Como Arakchéyev talaba los bosques, no había leña suficiente ni
madera para construcción, por lo que era necesario importarla, con los consiguientes costos, mercado negro y corrupción generalizada entre los funcionarios. El ganado estaba limpio como una porcelana, pero el forraje debía traerse desde enormes distancias.

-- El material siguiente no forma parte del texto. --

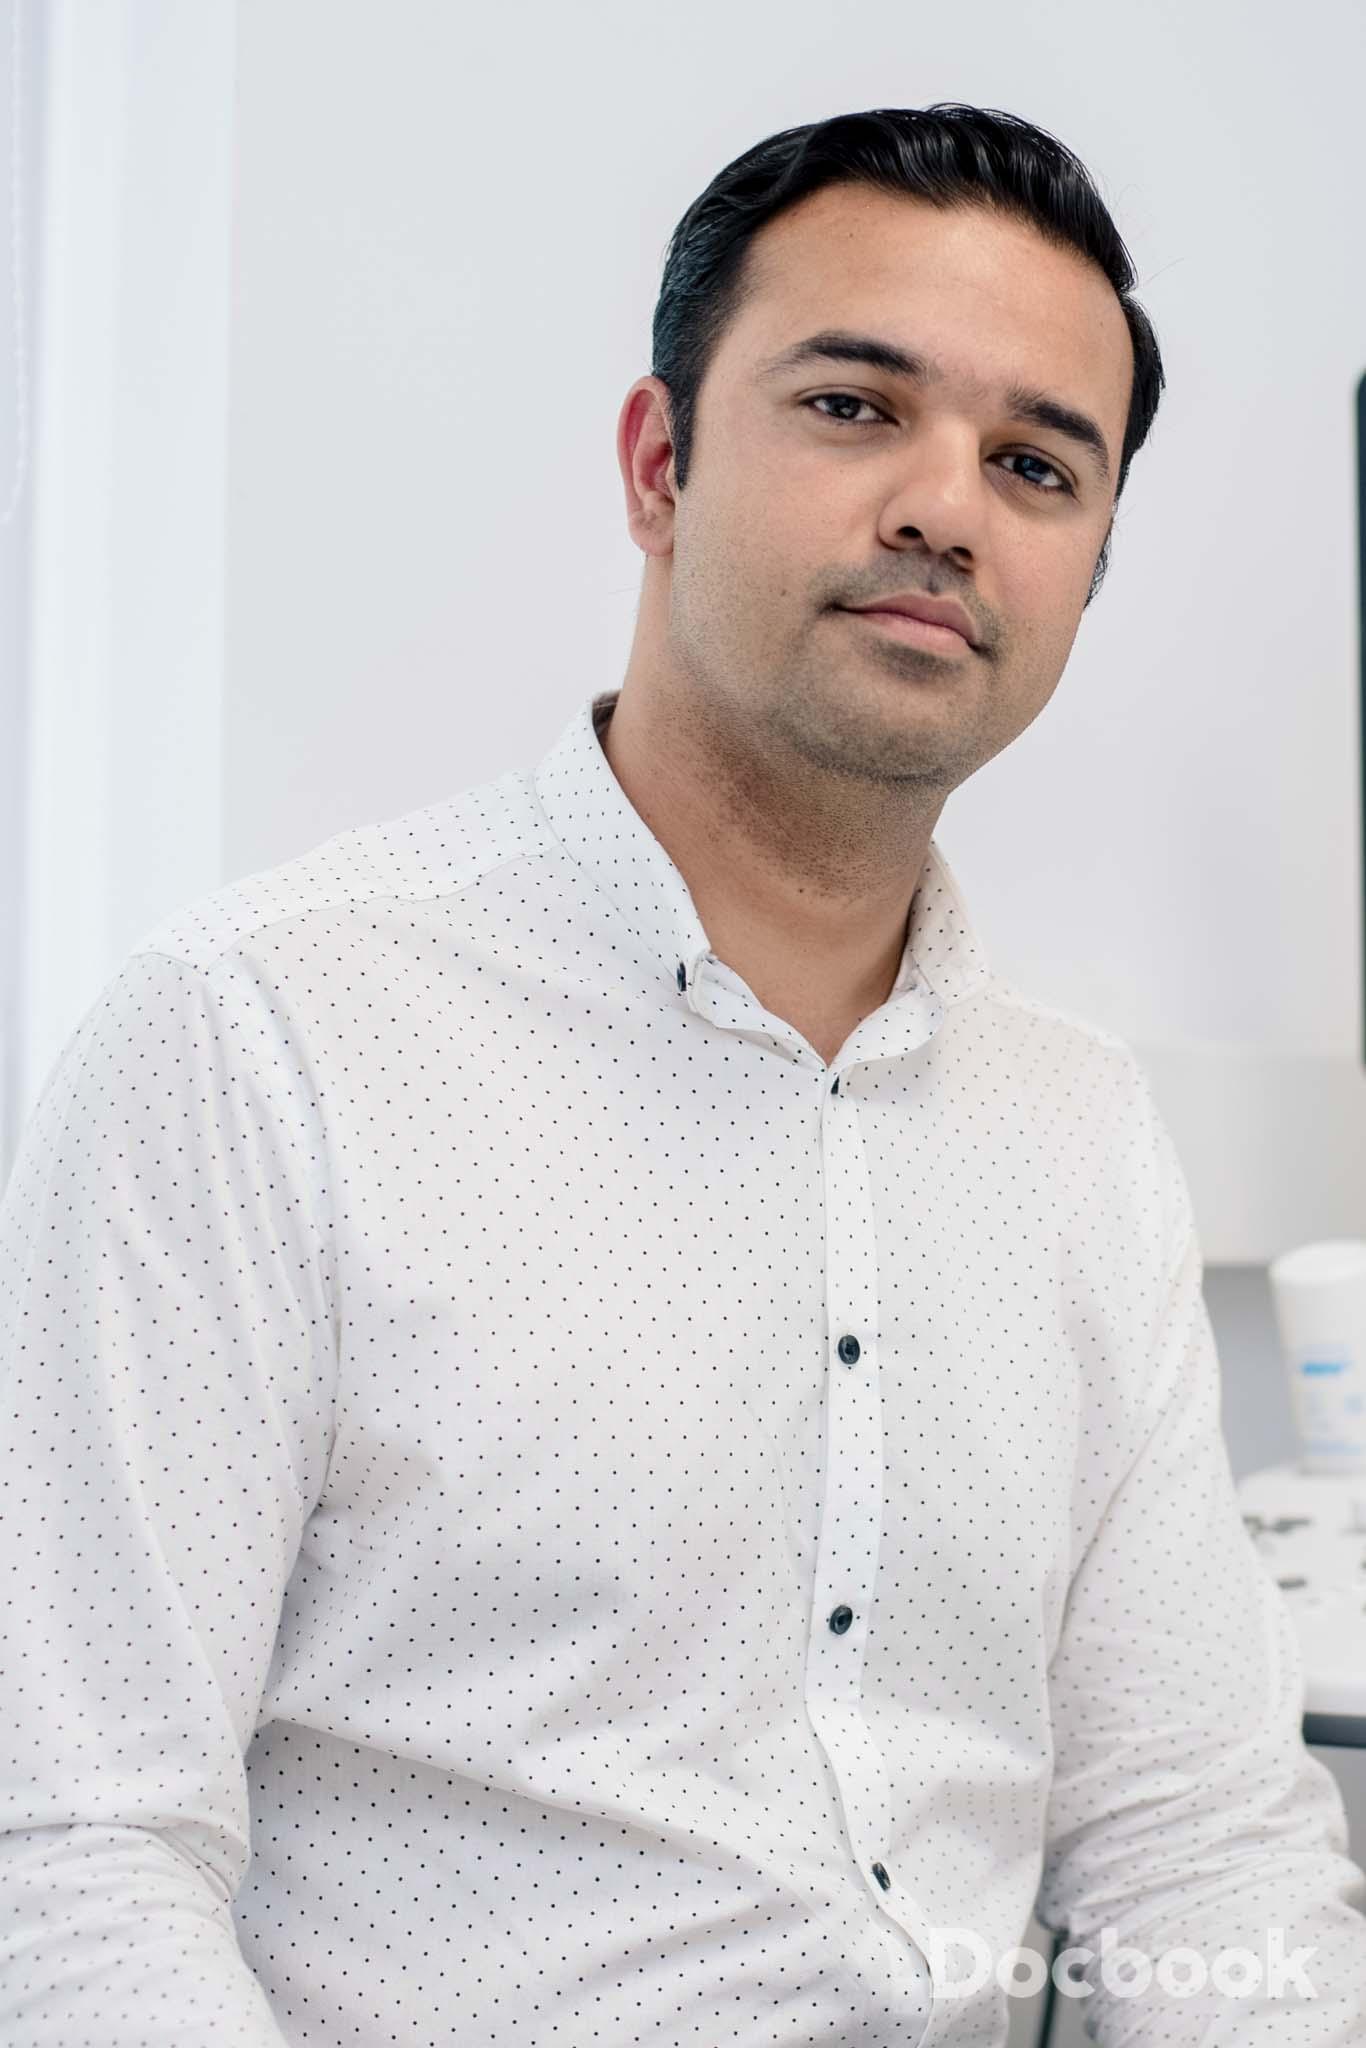 Dr. Vora Prateek

Muchas instalaciones no eran usadas, para estar siempre disponibles “para la inspección”.
A medida que aumentaban las pérdidas y la ineficiencia, se
multiplicaban el rigor, los castigos, las exigencias y las multas.
La estrella de Alekséi Arakchéyev se apagó con la muerte de su
protector, el zar Alejandro I, en 1825. Hasta ese momento acumuló más poder personal que nadie, a tal punto que se acuñó el epíteto “Arakcheyevshchina”, sinónimo de voluntarismo militar y despotismo.
Cuando, un siglo más tarde los soviéticos diseñaron sus propias
ingenierías sociales de colectivización forzosa, los liberales y mencheviques trajeron a la memoria la utopía del conde Arakchéyev. León Trotsky replicó que tales referencias constituían “el argumento clásico que emplea la reacción contra todas las innovaciones del progreso histórico.”